The Elo Rating system is a method to rate players in chess and other competitive games. A new player starts with a rating of 1000. This rating will go up if they win games, and go down if they lose games. Over time a player’s rating becomes a true reflection of their ability – relative to the population.

My video was mostly based on A Comprehensive Guide to Chess Ratings by Prof Mark E Glickman

Below are some of the things I wanted to talk about, but cut so the video wasn’t too long!

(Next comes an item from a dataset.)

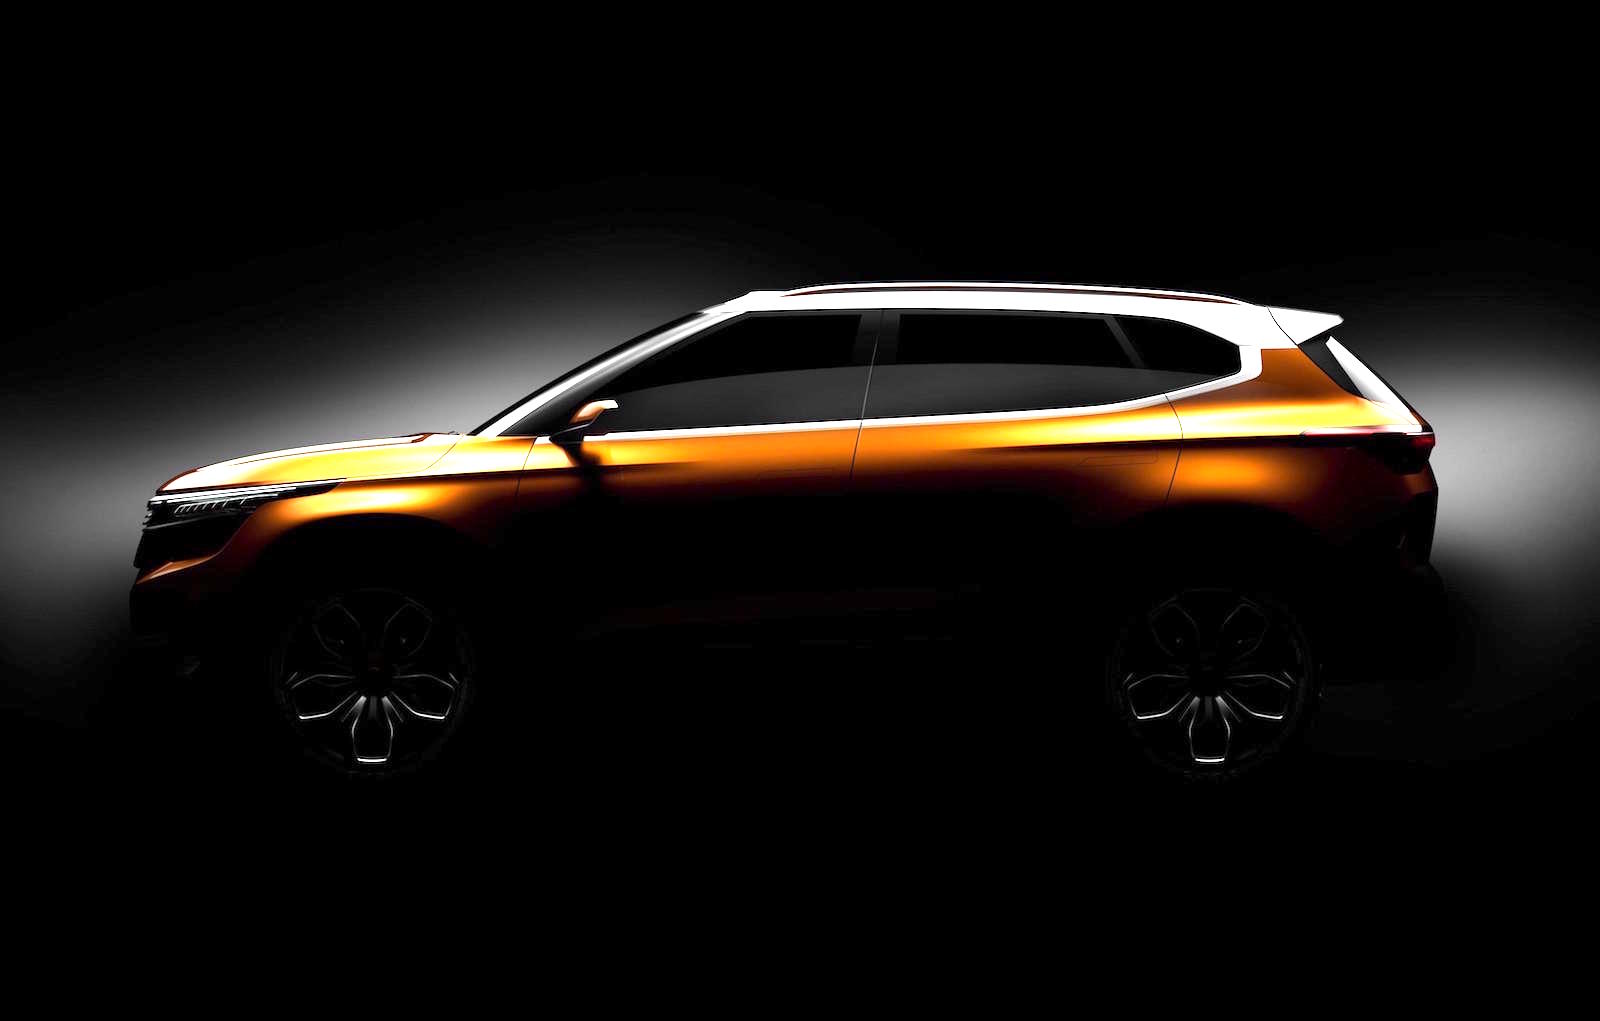 Kia SP Concept previews new compact SUV for India

Some explanations of the Elo rating system say it is based on the normal distribution, which is not quite true. Elo’s original idea did model each player’s ability as a normal distribution. The difference between the two players strengths would then also be a normal distribution. However, the formula for a normal distribution is a bit messy so today it is preferred to model each player using an extreme value distribution. The difference between the two players strengths is then a logistic distribution. This has the property that if a player has a rating 400 points more than another player they are 10 times more likely to win, this makes the formula nicer to use. Practically, the difference between a logistic distribution and the normal distribution is small.

Logistic distribution on Wikipedia

We replace e with base 10, s=400, mu=R_A – R_B and x=0 in the cdf.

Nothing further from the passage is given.